A lexical services data module serves as a wrapper of ClientAdapters. It can take a part of functionality that works with lexical data away from a UI Controller. This, on my opinion, will be a good thing because a UI controller is overloaded with functionality at the moment; splitting this up will make architecture more modular.

So, instead of calling getSelectedText() of the UI controller Vue components will call a method like that on the data module directly. The data module may also instantiate and interact with the word list controller (but that's a subject to debate, I think).

I think all Vue components will benefit from interacting with lexical services data module as it publishes results right into Vuex store. Other components may still interact with ClientAdapters directly, if they need to. So I would say that the lexical services data module is a way to expose requests provided by ClientAdapters conveniently into a Vue.js world.

What would you say about an approach like that?

irina060981 commented 5 years ago

I think that it sounds interesting.

I believe that you are talking mostly about

I think it is a good way to develop the project.

I could see here only the one problem - RAM usage.

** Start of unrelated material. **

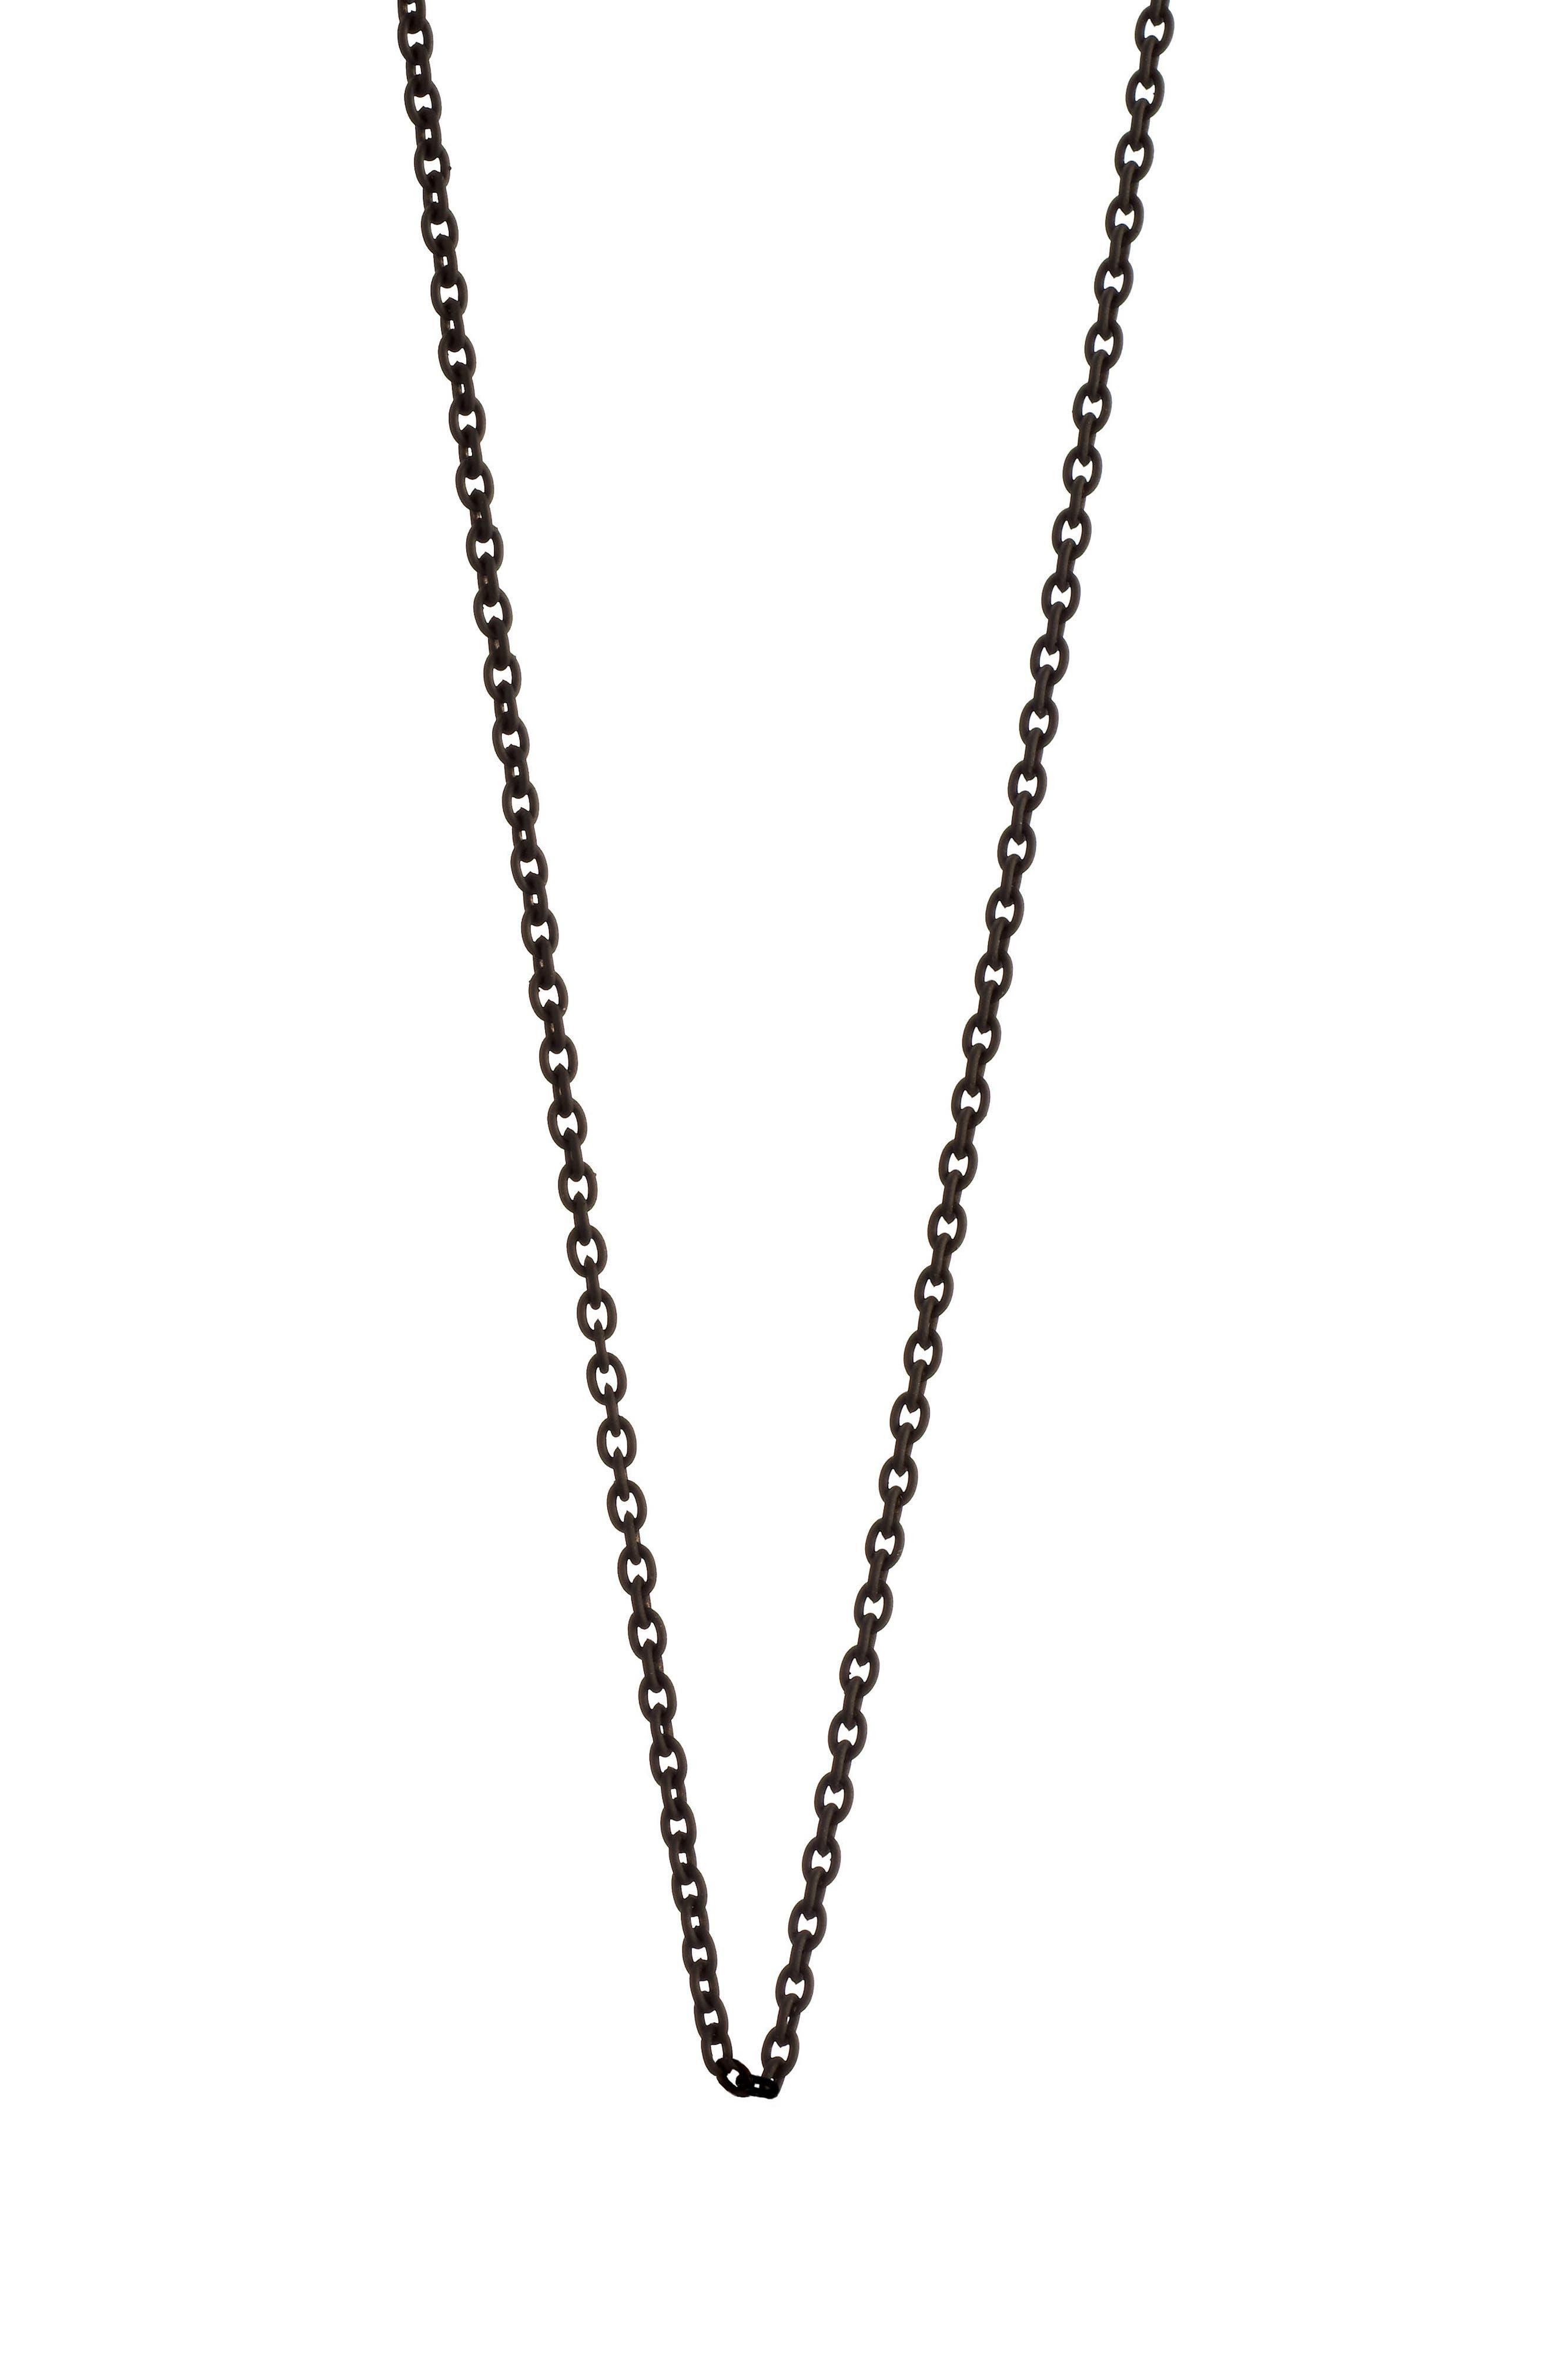 Delicate Black Steel Chain,                         Main,                         color, Black Steel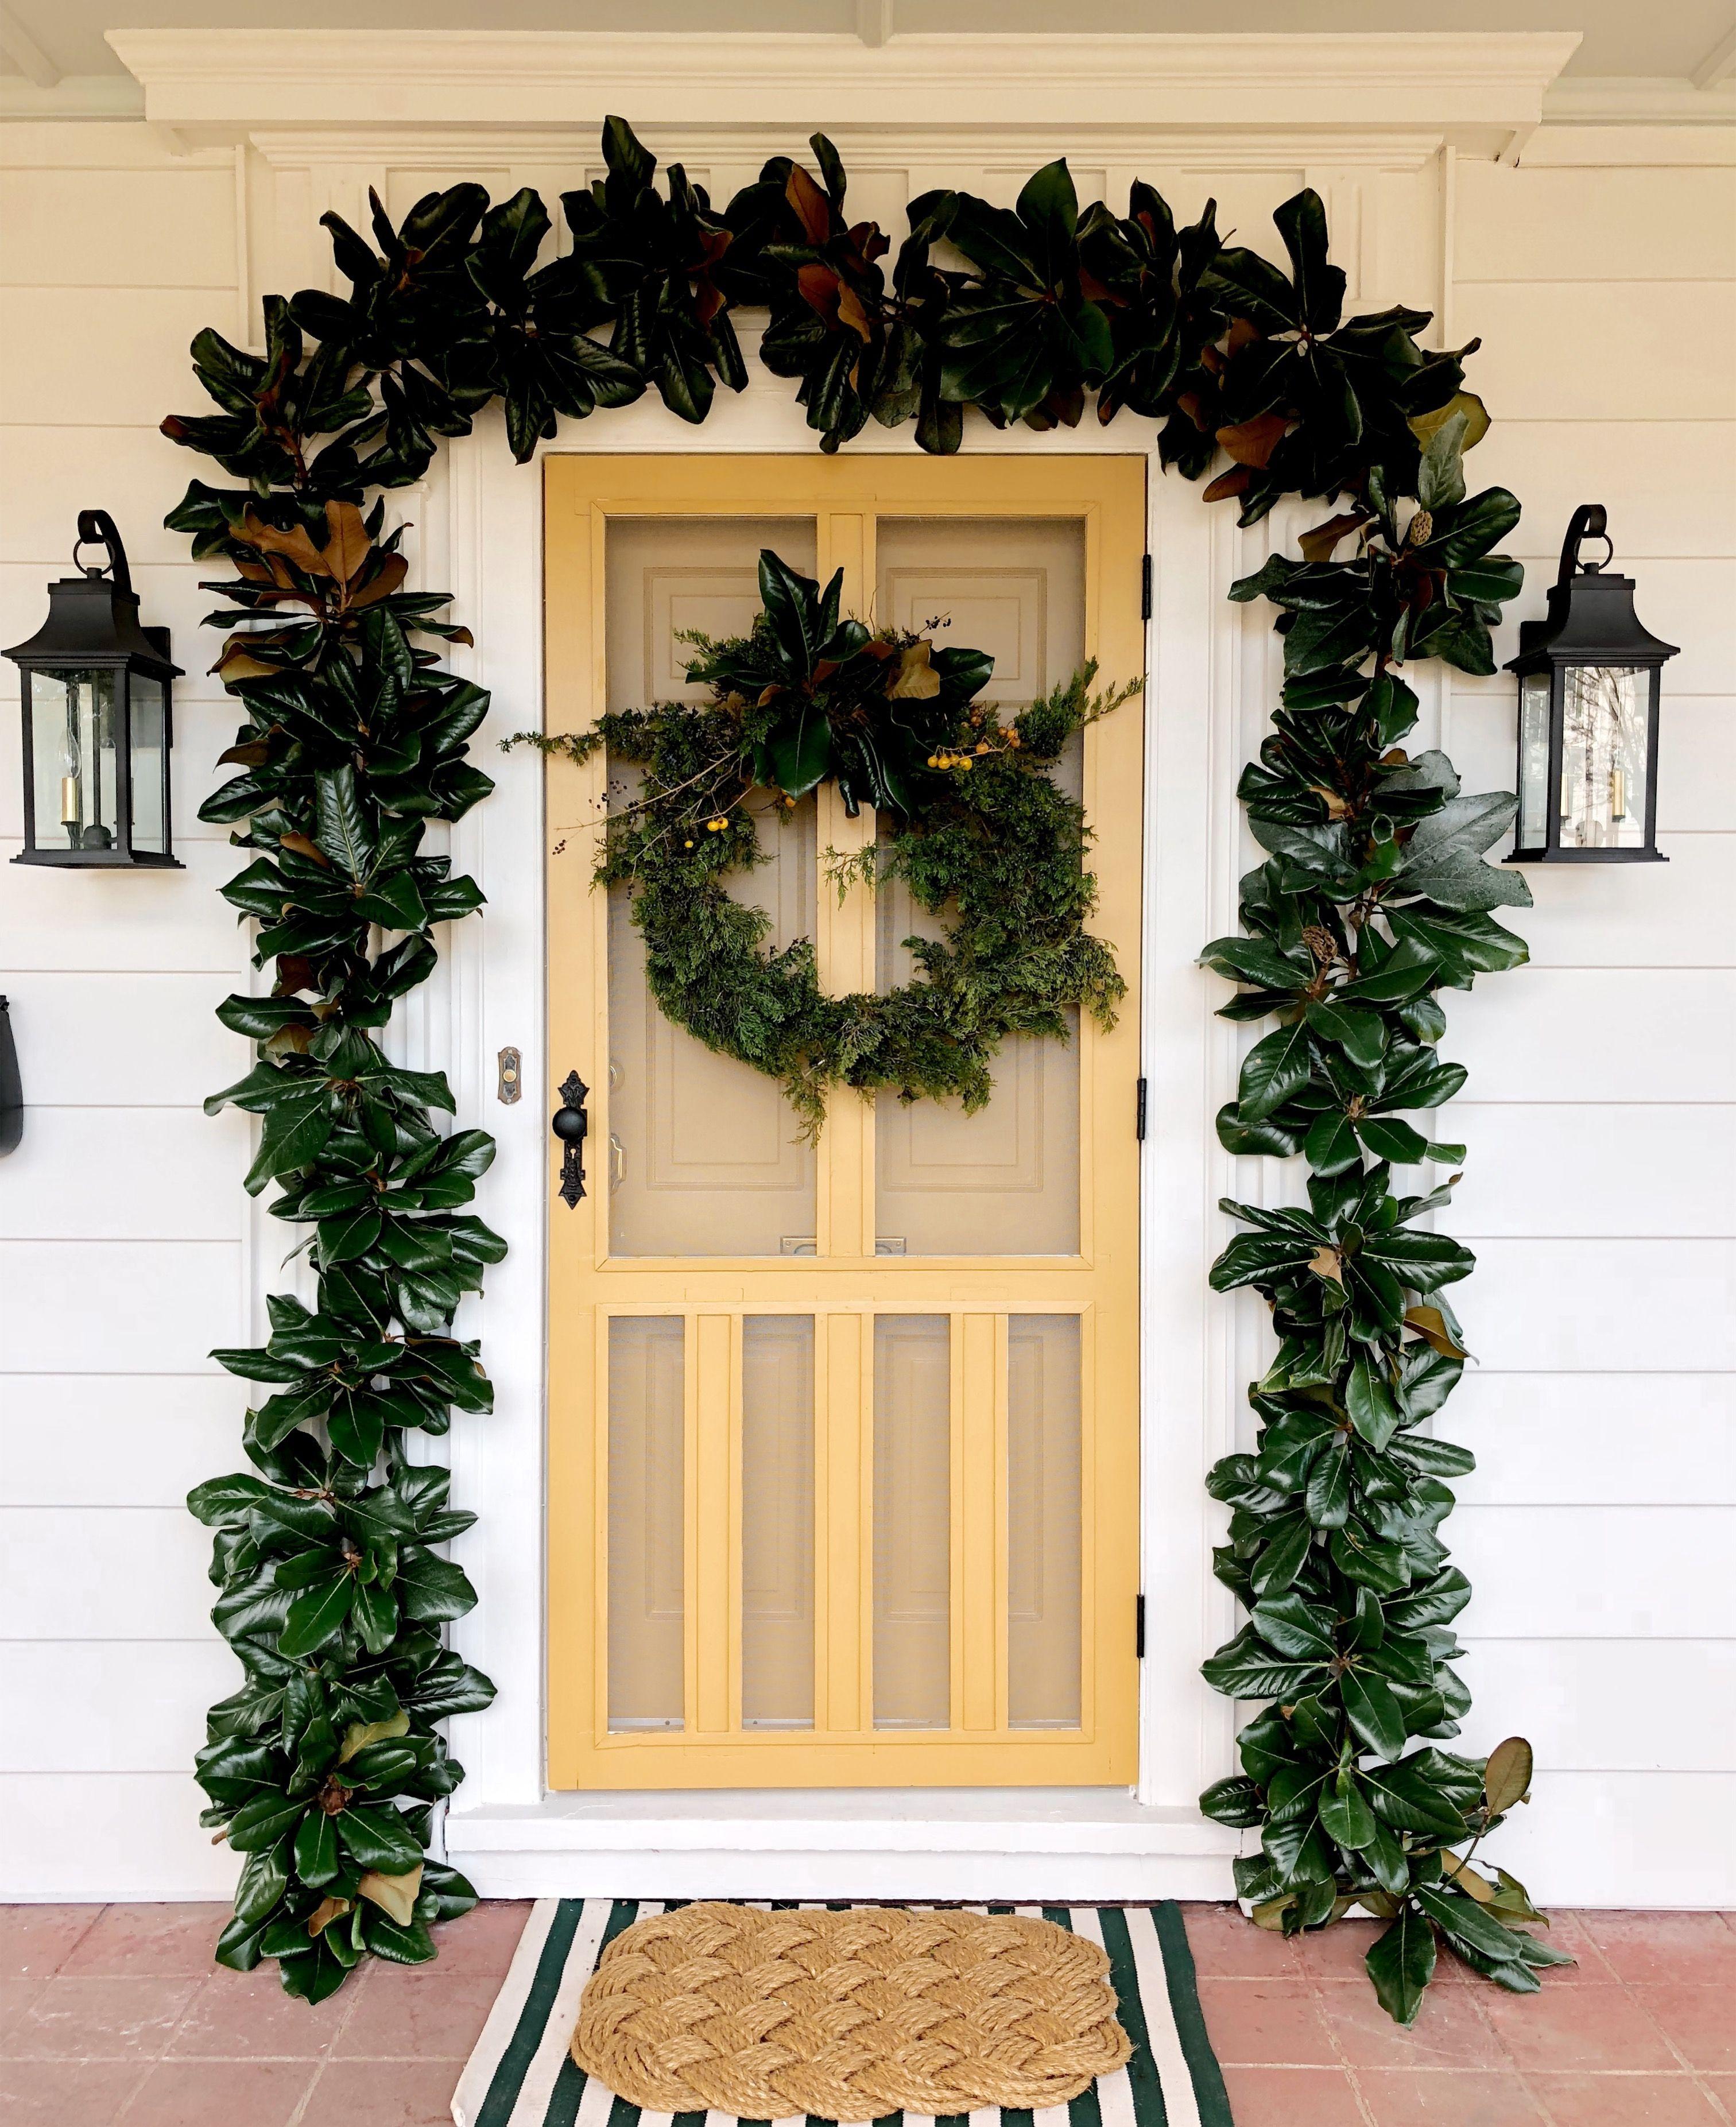 Magnolia Garland Holiday Front Door House 1924 Holiday Decor Magnolia Garland Hinkley Lighting

I was testing chinese with webextension today - 3 tabs from different sources with extension + localhost with embedlib http://www.cbeta.org/node/5562 https://ctext.org/han-shi-wai-zhuan/juan-ba https://en.wikibooks.org/wiki/Chinese_(Mandarin)/Lesson_7

altogether (for Google Chrome) it adds 600Mb RAM to existed and it becomes 1.1Gb then I looked up a chinese word - and it rased to 1.5Gb and in parallel I was rebuilding components - it took 2Gb RAM (that was mostly surprising for me)

finally how I was able to see it - it crashes my tracker with the message - there are too less system resources :)

balmas commented 5 years ago

thank you for the revised diagram, this helps alot.

A few thoughts:

1) I think it would be good if we can implement the async messaging service (the one that wraps the post/receive messages from the local service as promises) as an abstract service, rather than making it specific to the CEDICT service.

2) On the question of where the business logic for interacting with the client adapters for a lexical query should lie (@irina060981 's question: "lexicalQuery has also to check the order, some settings and ability to execute of ClientAdapters methods - do you suggest to move it to ClientAdapters too?") -- ultimately I think this probably belongs somehow in the language model and able to be controlled by application and user preferences. Different languages and resources impose different requirements here. For example, right now, for Persian, we prefer the results from the lexicon over the morphology service, so we skip the first query to the morphology service and loop back to it if we don't get results from the lexicon service. For Latin and Greek, we may want to add in another service which is able to parse proper names, etc.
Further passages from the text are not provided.